Hi Scotty, hope you are having a great 2023! I purchased a 2015 Acura TLX about 2 years ago, well that 8 speed DCT tranny is a pile of junk so I traded it for an older larger 2013 Acura RDX with 133K, the engine is spotless and runs great. Are there any known issues with this model? the gen 2. I love Acura but the newer ones on the reliable side seem to be going south thats why I went with a 10 year old model. I am impressed with the power of the 3.5l V6 wow did honda do a good job on that engine! Thanks in advance!
Is that a Generation 1 or Generation 2 RDX?
4 cylinder or 6 cylinder?
He answered both your questions in his original question..
Oh man. I totally missed it.
Also, why was the DCT bad? Performance? Reliability?

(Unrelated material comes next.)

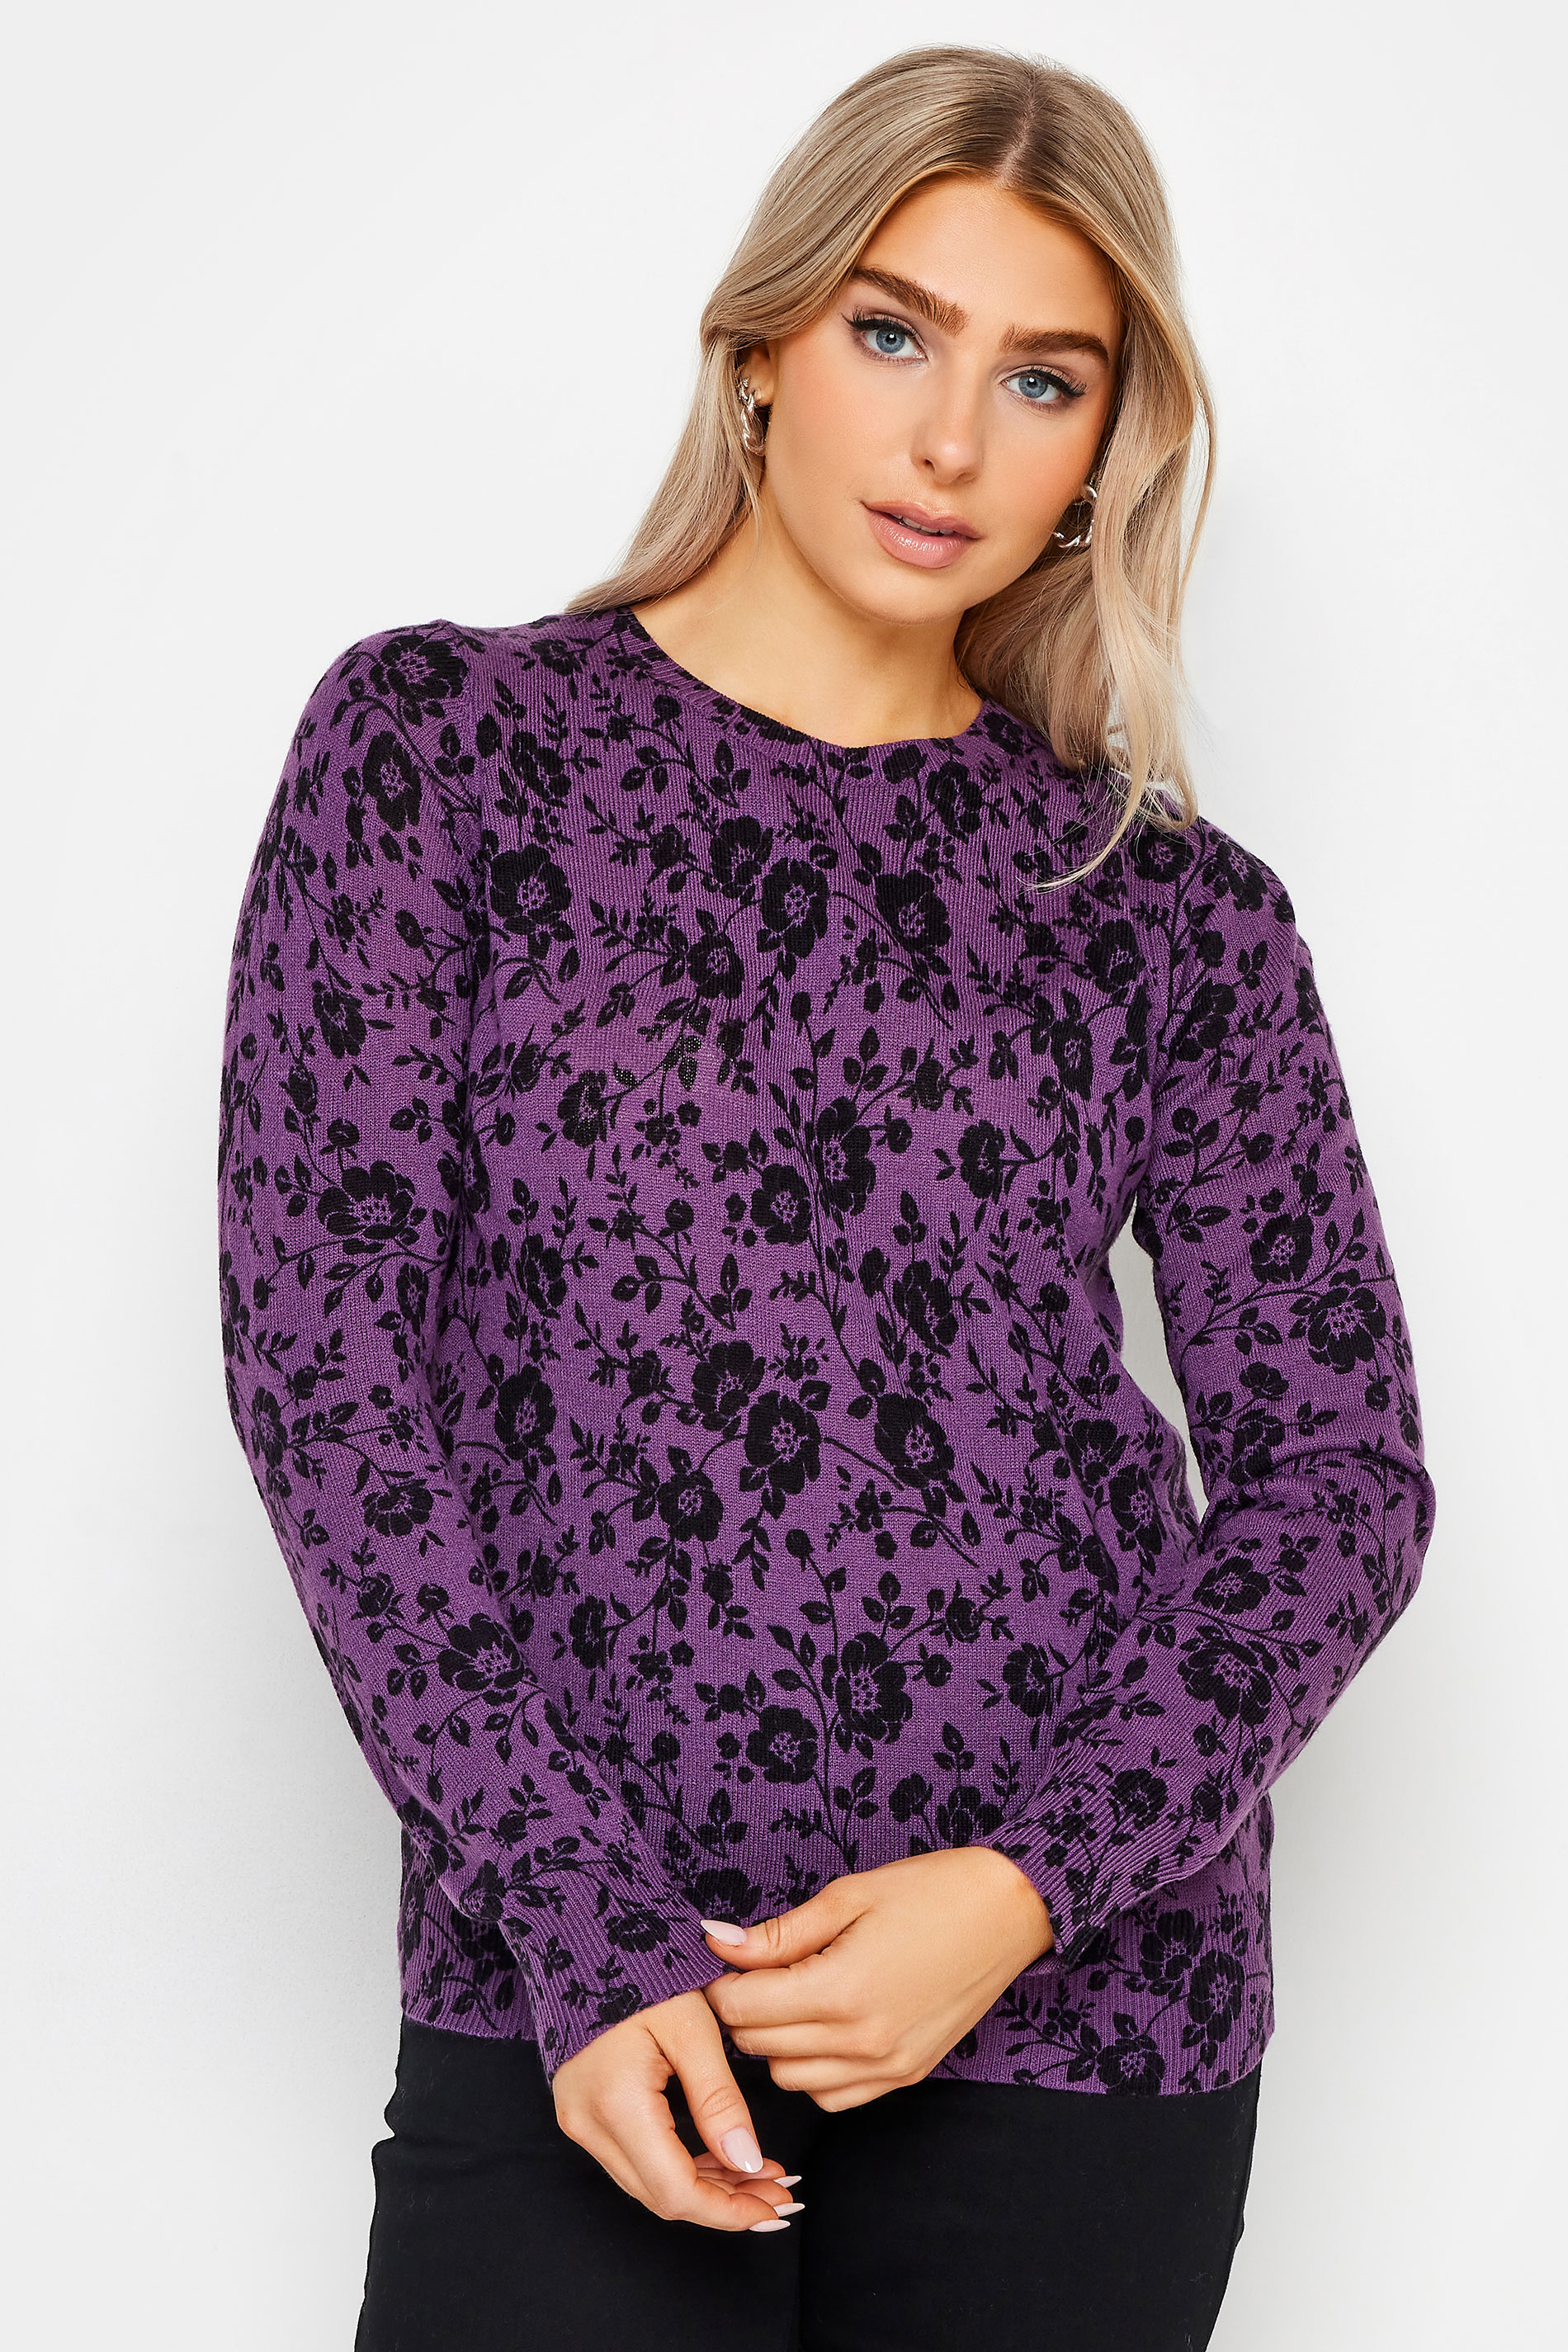 M&Co Purple Floral Print Jumper | M&Co 1

Gen 2, 3.5l 6cylinder and the 8speed DCT is apparently notorious for failures in the TLX. It was drivable, but in normal mode it would shift to a gear and while driving at about 55mph 1500rpm if I pushed it to accelerate it would drop the gear and limp with a flashing CEL, and loss about 90 percent of power with no acceleration at all. When I would pull over to the side of the road, I would shut it off, then turn it back on and it was back to normal. I read Acura forums many complaints of the same exact issue, and the transmission would need to be repaied or replaced. On a 2015, thats just horrible engineering and Iam not spending 5k on a car I just got 2 years ago. Another thing was the downshift, it would feel like someone rear ended me. I don't drive hard at all either. I just hope the RDX is more reliable. It runs smooth and has alot of power.
The only issue I know of with the RDX’s engine is possibly cylinder deactivation. I say possibly, because I know it is an issue for other vehicles that use a similar engine, but I am not so sure about the RDX specifically.
Ok thank you! It runs pretty smooth and I am not one to push the engine hard, I am a daily driver in a flat valley. I have read of no complaints of the transmissions in these RDX's so that eases my mind and I am trying to stick with Honda, minus the newer models as those seem to be over engineered.